Stephanie Kent - Sitting With Strange

My research involves intercultural communication and ethics in interpreted interaction, a striking accompaniment to ETHER’s motivations. A presentation of my dissertation findings to the Interpret America conference in 2013, The Real Value of Interpreting, summarizes how skillful participation in interpreted interaction can provide human beings with transferable communication skills for encountering and engaging difference in resilient and socially just ways.

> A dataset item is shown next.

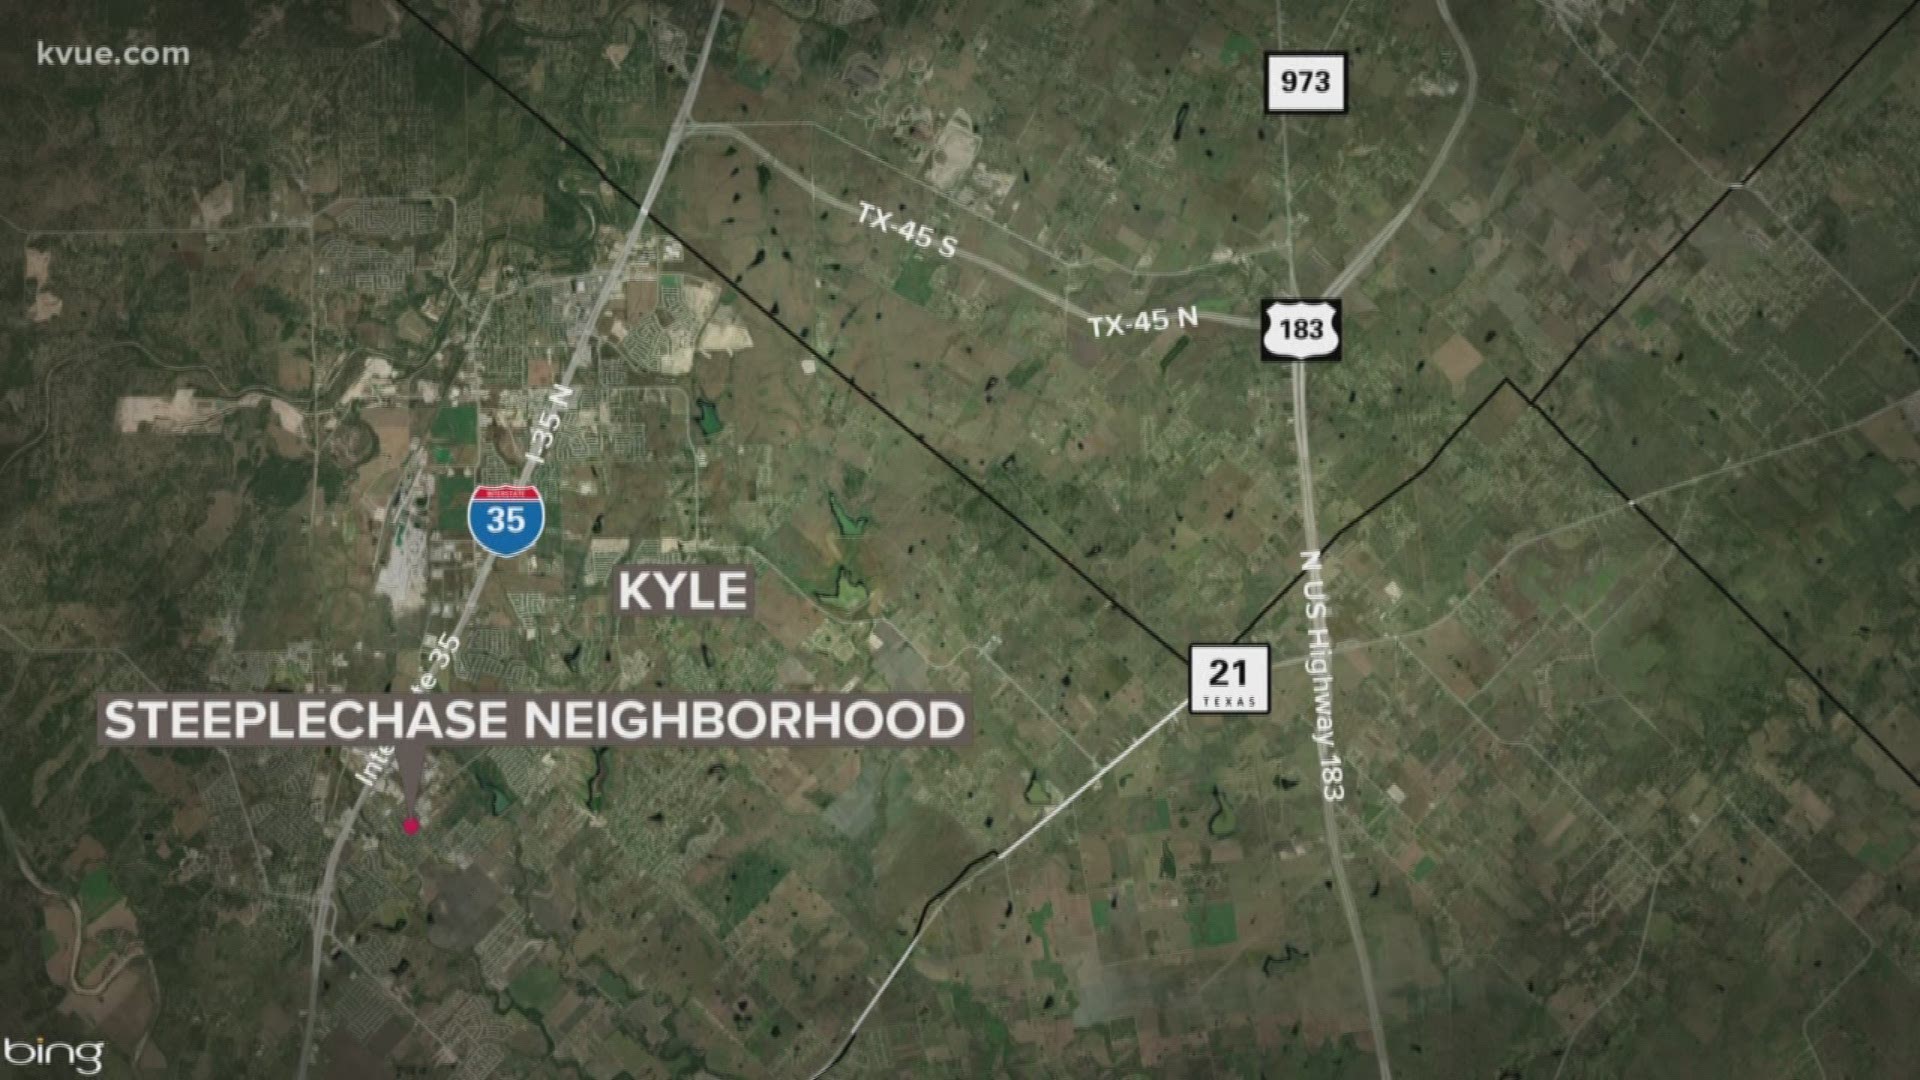 Police in Kyle are investigating what may have been an attempted robbery.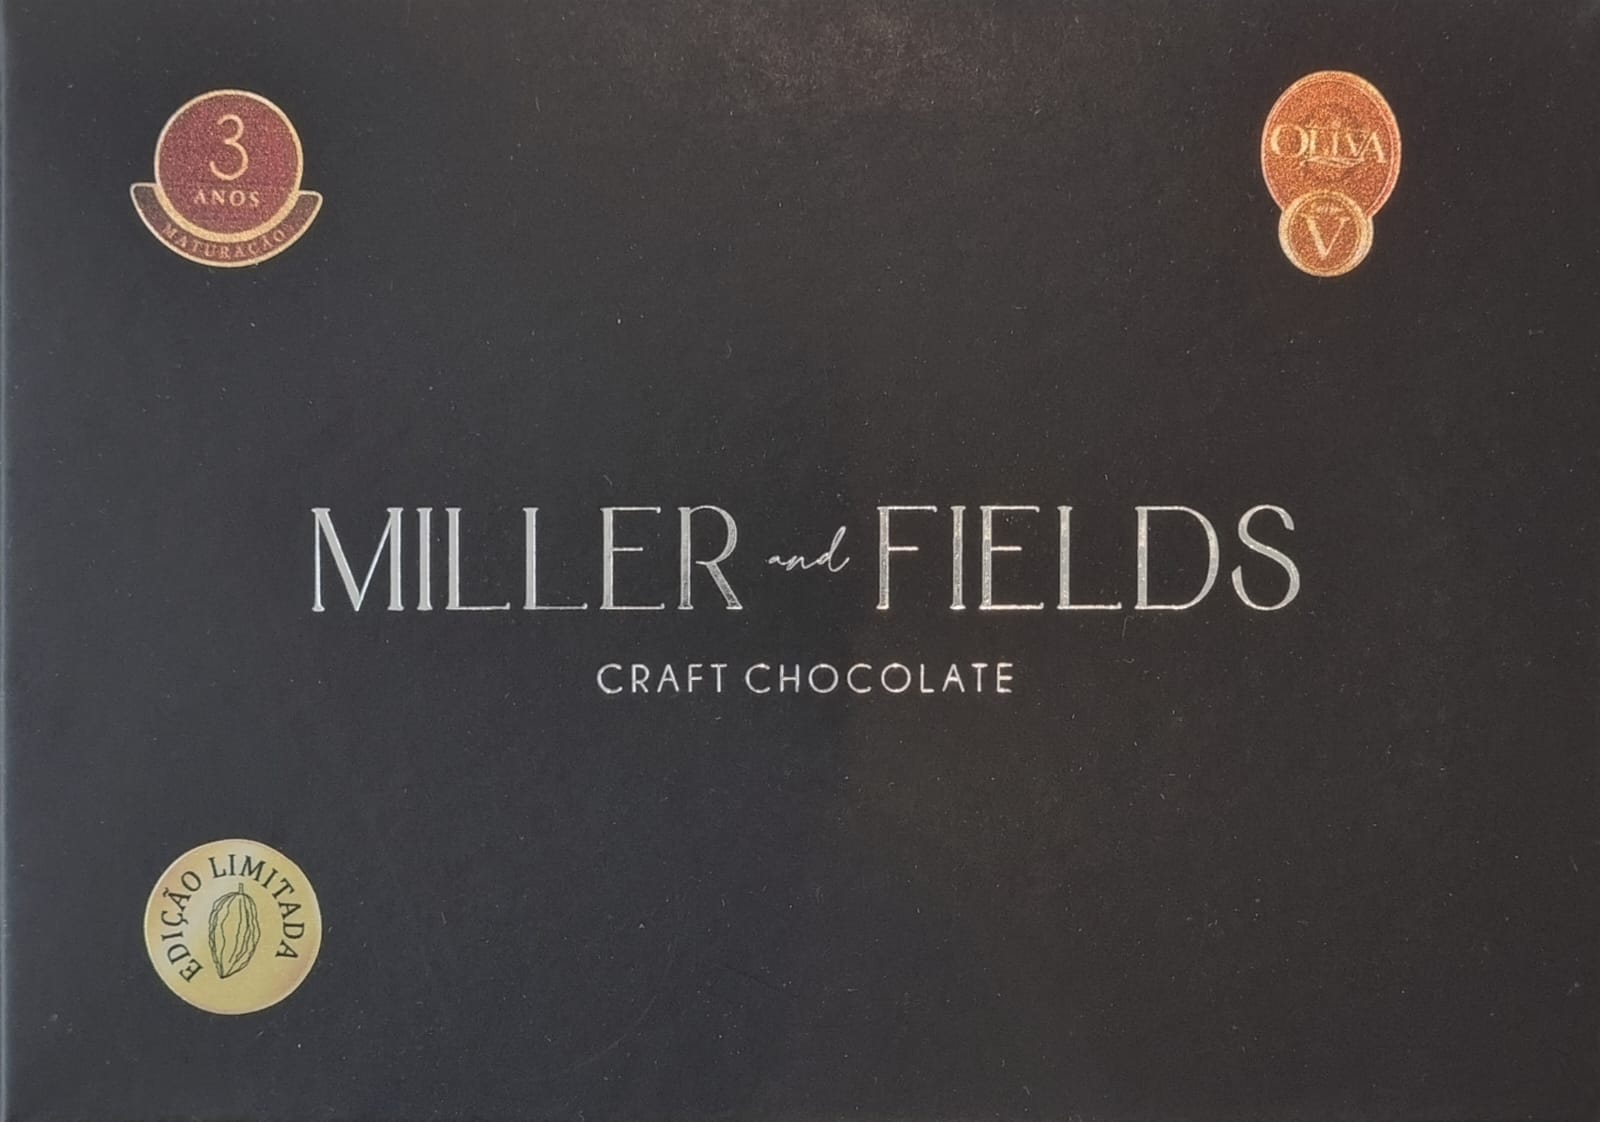 Craft Chocolate Miller and Fields Oliva Serie V - 9g.

This spring, undergraduate students under my supervision in a sign language interpreter education program in the United States will convene focus groups for Deaf and non-deaf “Hearing” academics to talk together about ethical intercultural communication within the constrained communication condition of not sharing the same language (pending IRB approval, in process). Unlike most interpreting research, the research gaze will be upon the dynamics of participant interaction rather than linguistics. The goal is to “produce knowledge about unfamiliar context-bound uses of language” with attention to social and cultural meanings of these uses, an approach known as cultural pragmatics (following Boromisza-Habashi 2020, p. xii). Generally, we will look for relational and phatic aspects of communication (moreso than explicit information transfer) to see what we can learn about communication skills that generate meaningful interactions. Specifically, we’ll watch for evidence of participant co-alignment with each other rather than with the interpreter(s).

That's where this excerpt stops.